Now, let’s be honest here. The work that Jesus is calling people to do – this working for reconciliation – is far from easy. Karen Fitzpatrick put it this way, "Working for reconciliation is never easy, but it is also never optional in God’s vision of a peaceful world." Christ does not call us to bury our hurts beneath a veneer of "everything’s alright." Christ calls those who follow him to not be afraid to address what is not alright, whether it be a conflict with an individual or seeing injustice in the world. As followers of Christ, we are not to pretend that everything is alright when it is not. We are also not to just wallow in our own pain. As tough as it may be, we are to address our pain and with the help of others to work for true reconciliation.

As a way of healing from apartheid in South Africa, Desmond Tutu began a process of reconciliation. In this process those who had been injured and those who had committed acts that injured others came together and confessed to what they had done and how they had participated in apartheid.

The goal was not to mete out punishment for those who had injured others. The injured people did not come out seeking retribution on those who had hurt them. They came together searching for healing of a relationship. The healing of a relationship is what true reconciliation looks like. If you hear or read about accounts of people who participated in this process of reconciliation you will discover that it is far from easy and it still hurts but like Jesus commands in this passage, we keep coming back for the sake of the relationship. How can we have a genuine relationship with God if we cannot have a genuine relationship with others?

The movie "Dead Man Walking" was based on the experience Sister Helen Prejean had when she went to meet an inmate on death row with whom she had corresponded through the mail. Matthew Poncelet is facing his final weeks and days before he faces the death penalty. Sister Helen finds herself thrust into a system, which seeks to view the inmate as little more than a monster. The victims’ parents are more than happy to continue to view Matthew as a monster, but Sister Helen is not. Though she begins to be ostracized by the people she works with she continues to be a presence with Matthew. She hears his struggles with what he is facing and continues to work for some sort of reconciliation between Matthew and the victims’ families – even if that reconciliation only happens with Matthew.

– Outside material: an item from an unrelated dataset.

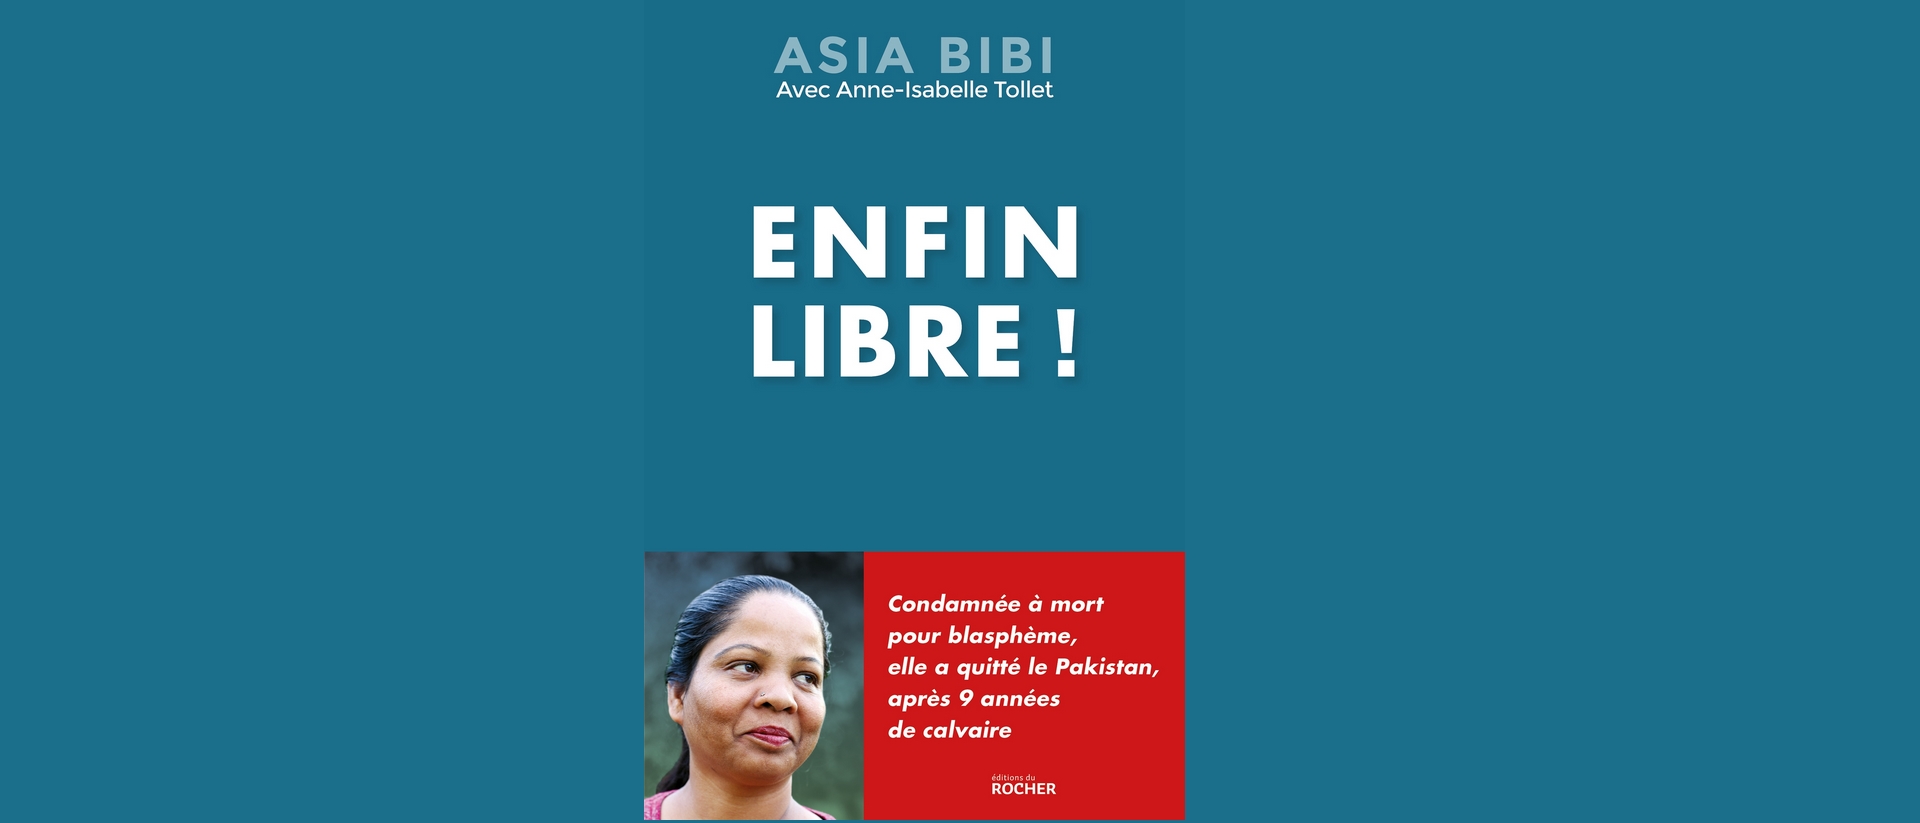 La chrétienne pakistanaise Asia Bibi raconte son calvaire dans un livre | Service de presse

Throughout the movie, Sister Helen continually gets asked why she is sitting with this man who has committed such an awful crime. Why is she spending her time with someone who will soon die? Why? Because as Christians we are called to work tirelessly for reconciliation. Even if someone has refused to listen to all of the people before, we are not to ever give up on them.

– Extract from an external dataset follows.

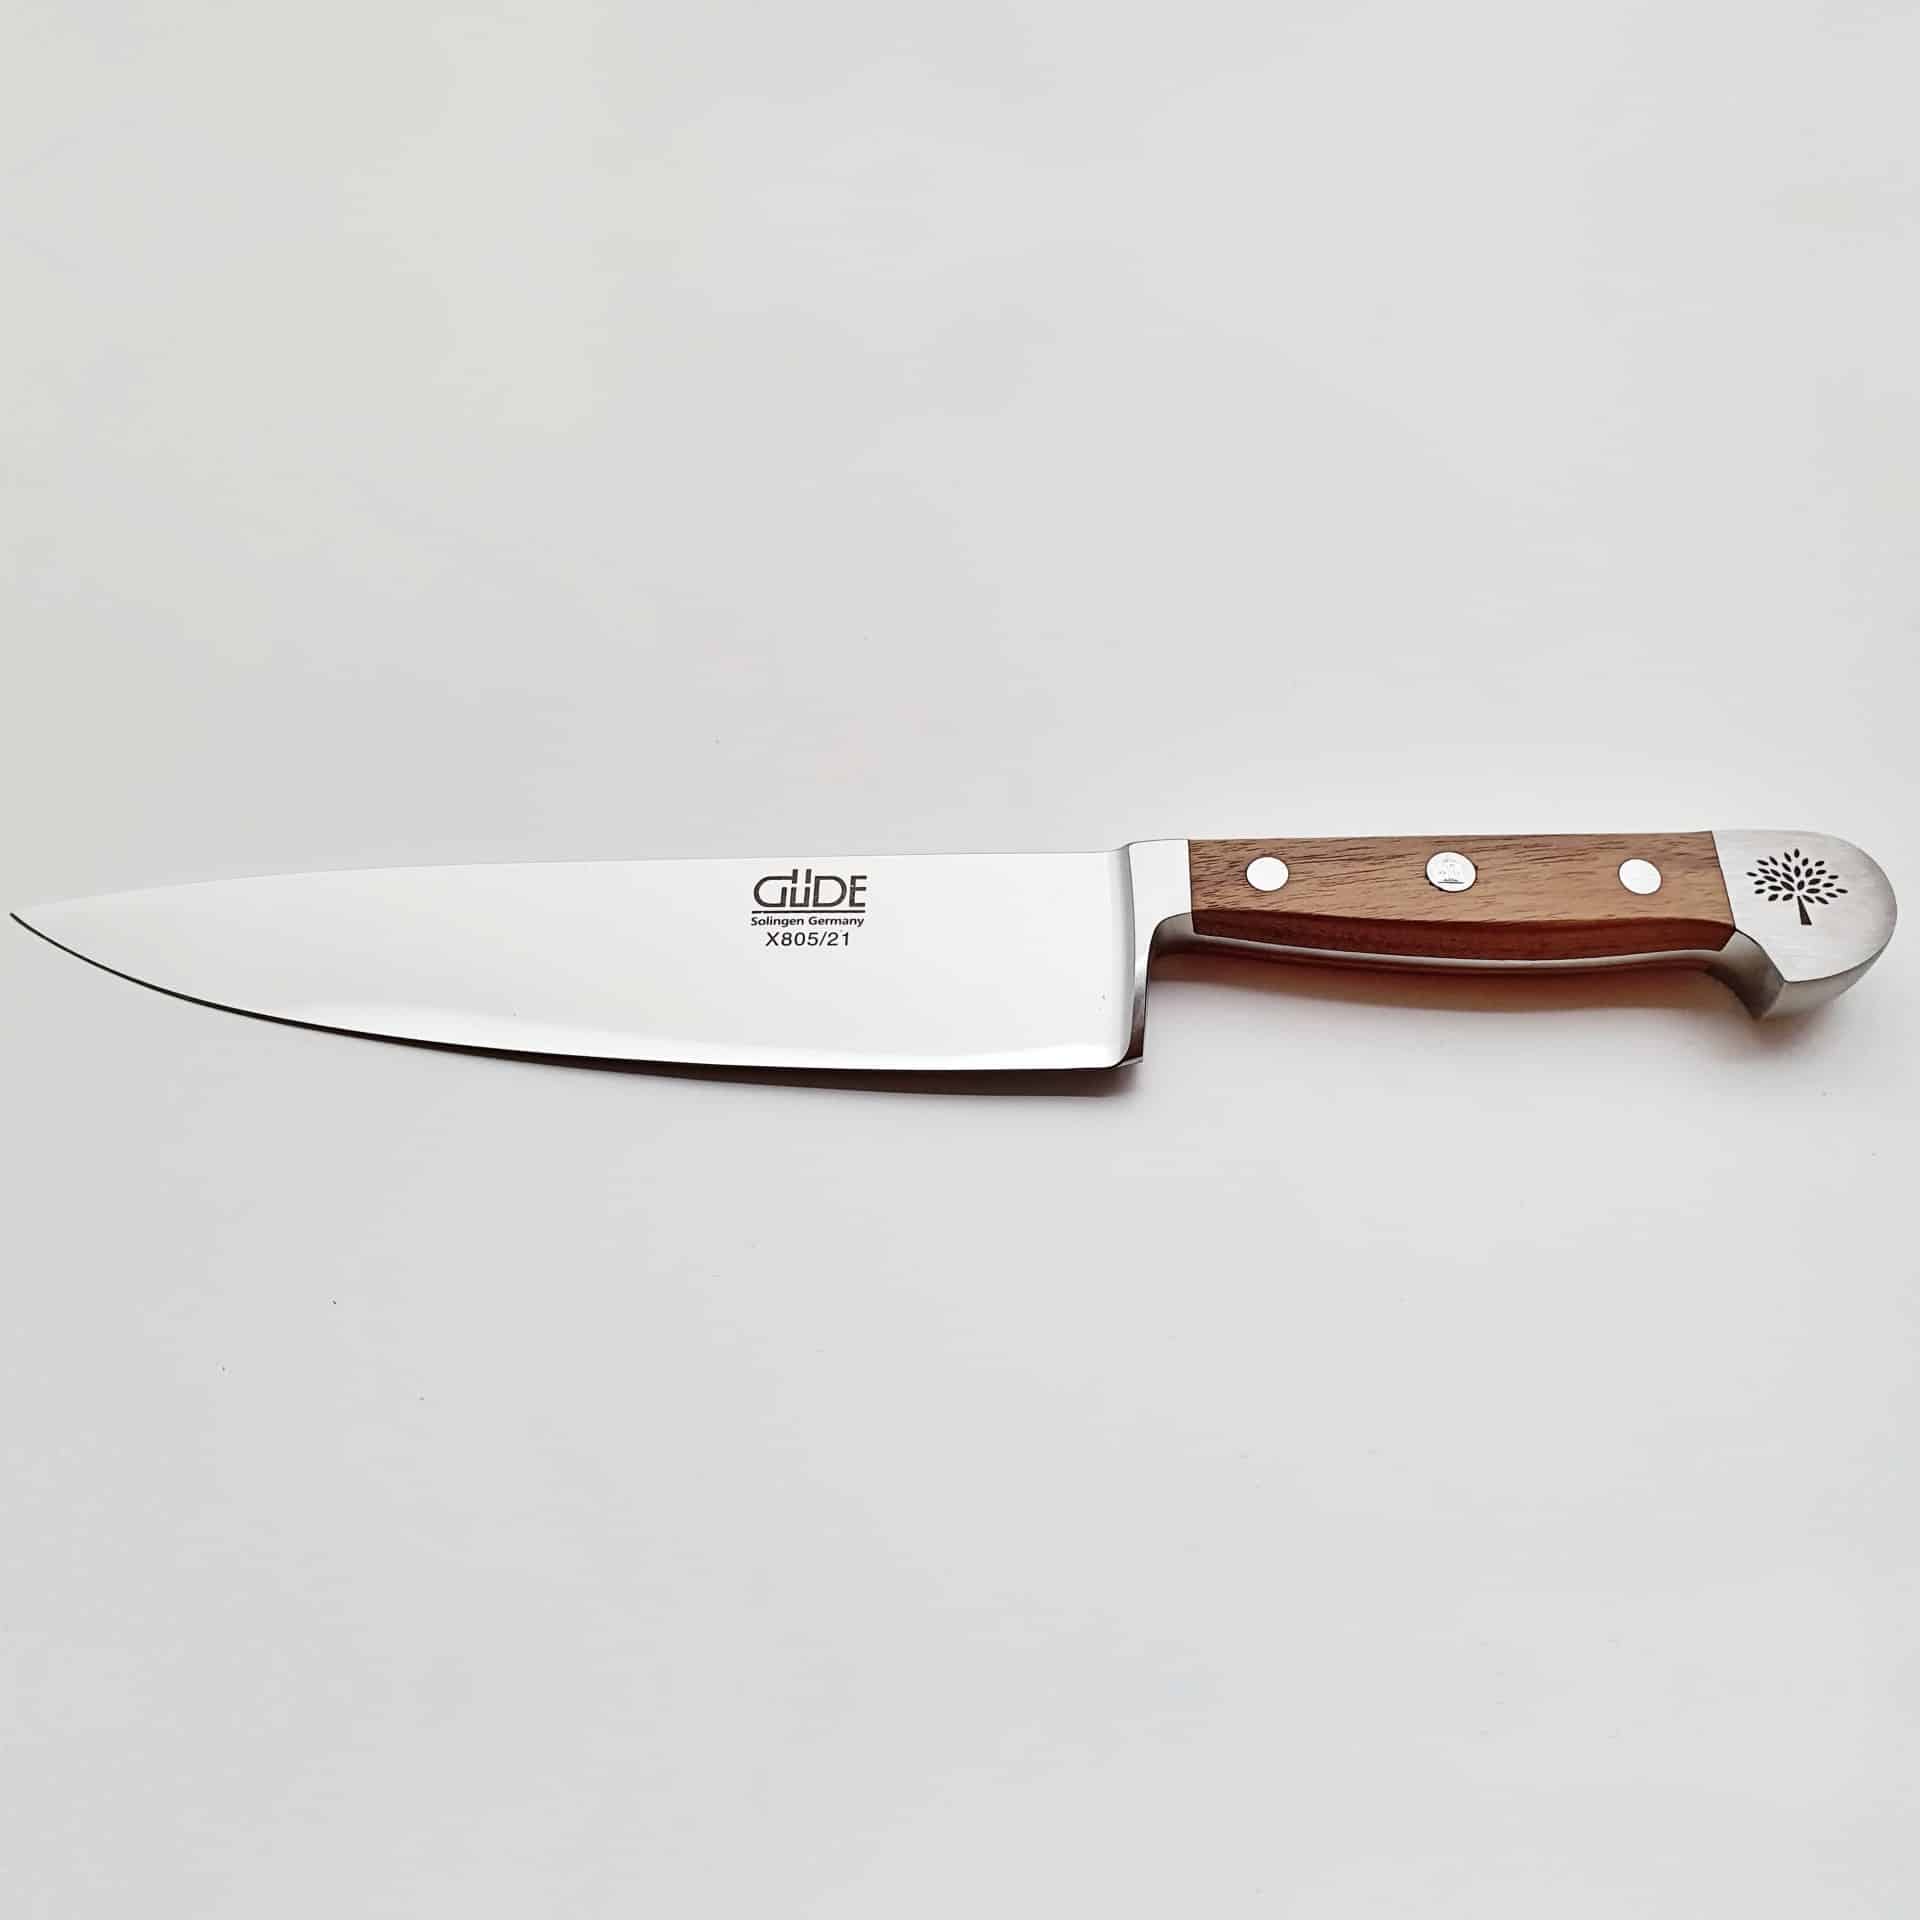 Vue d'ensemble des aciers utilisés pour les couteaux de cuisine

This movie is a tough one to watch. It is not a propaganda piece against the death penalty. The major focus of the film is not on the fairness or unfairness of capital punishment. When you boil it down the film is all about relationships.

Isn’t that what much of life is about – relationships? Our life isn’t so much about what we do as an occupation or what we earn. Our life is more about the relationships we have with others. If you go out to the cemetery and look at some of the stones – you don’t see how much a person accomplished but you see what relationships they had. "Loving Mother." "Beloved Child." "Faithful Father."

Life is all about the relationships and so is reconciliation. Reconciliation is all about saving relationships and working tirelessly for the peaceful world that Christ envisioned. The risk of not admitting that there is anything wrong is too high because the hurt and frustration will only come seeping out somewhere else. Though it will be difficult and we will want to give up – true reconciliation is what Christ calls us to work for both within and outside of the faith community.